If you do not specify the STORPOOL parameter, a dbspace of the correct size and type will be acquired from any recoverable storage pool.

Storage Device Considerations

The storage pool you select should be chosen to:

Balance device utilization
Exploit device characteristics for data in the dbspace.

A table resides on the devices used to support the storage pool to which the table's dbspace is assigned. Consider storing different tables on different devices based on device characteristics and table usage. To do this, you need multiple storage pools and multiple dbspaces.

For example, if you have two tables that are highly active, you can reduce potential device contention by storing them in different dbspaces that are assigned to different storage pools. The dbextents defined for the two storage pools would be on different devices.

You could use a similar technique for storing selected tables on higher or lower speed devices as appropriate.

For more information about storage pools, refer to either the DB2 Server for VM System Administration or the DB2 Server for VSE System Administration manual.

Determining the Number of Header Pages (NHEADER)

Header pages contain control information on the tables and indexes stored in the dbspace.

The number of header pages required depends on the number of objects to be stored in the dbspace. Generally, taking the default (8 pages) is recommended, as this gives you the most flexibility at nominal cost. However, if you plan to have few tables or indexes in the dbspace, you may allocate fewer. You must allocate at least one.

To estimate your needs, see Appendix A, Estimating Your Dbspace Requirements.

You cannot change the NHEADER parameter with the ALTER DBSPACE statement; after you set it, the only way to change it is to move all the data in the current dbspace to another dbspace having the required NHEADER value (see Altering the Design of a Dbspace).

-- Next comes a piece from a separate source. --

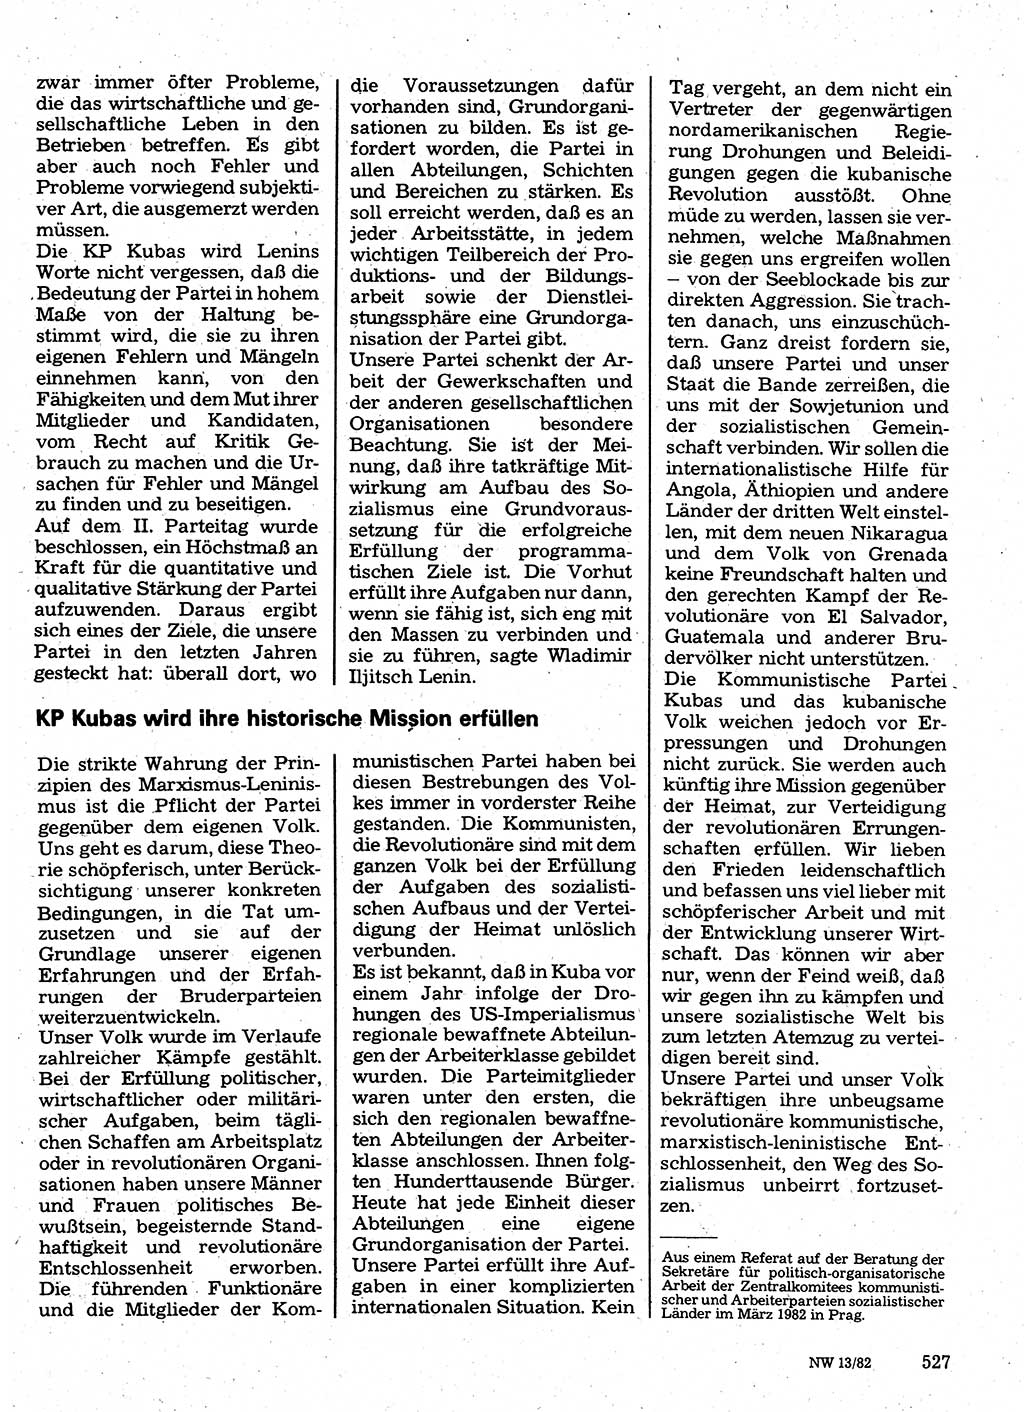 Neuer Weg (NW), Organ des Zentralkomitees (ZK) der SED (Sozialistische Einheitspartei Deutschlands) für Fragen des Parteilebens, 37. Jahrgang [Deutsche Demokratische Republik (DDR)] 1982, Seite 527 (NW ZK SED DDR 1982, S. 527)

Determining the Percent Free Space Desired (PCTFREE)

The PCTFREE parameter refers to the percentage of each page that is to be reserved for updates that make the changed row longer than it was before. This free space is not used for inserts. You can reclaim the free space by reducing the PCTFREE value through an ALTER DBSPACE statement.

The PCTFREE value you choose will depend on the type of activity being carried out on the data in the dbspace:

High Insert/Low Update Activity
This is the situation where there will be few updates, or all columns are fixed and non-nullable in the tables. Here, you would set PCTFREE to a high value before loading the data; then lower it to a low value. The difference between the original value and the final value can then be used by insert activity.
Low Insert/High Update Activity
In this situation, PCTFREE should be set to a high value. The space saved by PCTFREE will be used by the update activity only if the update increases the size of the row and the free space will accommodate the new row.
Low Insert/Low Update Activity Or Read-Only Data
Read-only data is data that is loaded into a dbspace and then never modified or updated, only retrieved using query statements. In this situation, set PCTFREE to a low value or zero.
High Insert/High Update Activity
In this situation, set PCTFREE to a high value and then lower it. This would allow space for use by both update and insert activities.

Note: Updating refers to the replacement of a row of data into the same location in a page of a dbspace, unless the row can no longer fit because of an increase in the size of one or more columns. The replacement row is placed on the same page of the dbspace if there is still sufficient space available in the area set aside using PCTFREE.

In situations where there is high insert activity, consider using a clustering index. The first index created on a table is always considered the clustering index. A clustering index determines the placement of rows in pages of a dbspace to minimize DASD I/Os when the table rows are accessed in the index sequence. For more information, see Clustering Rows of a Table on an Index.
Note: Clustering refers to the grouping or gathering of items; in the above case, the grouping of table rows is done according to the indexes.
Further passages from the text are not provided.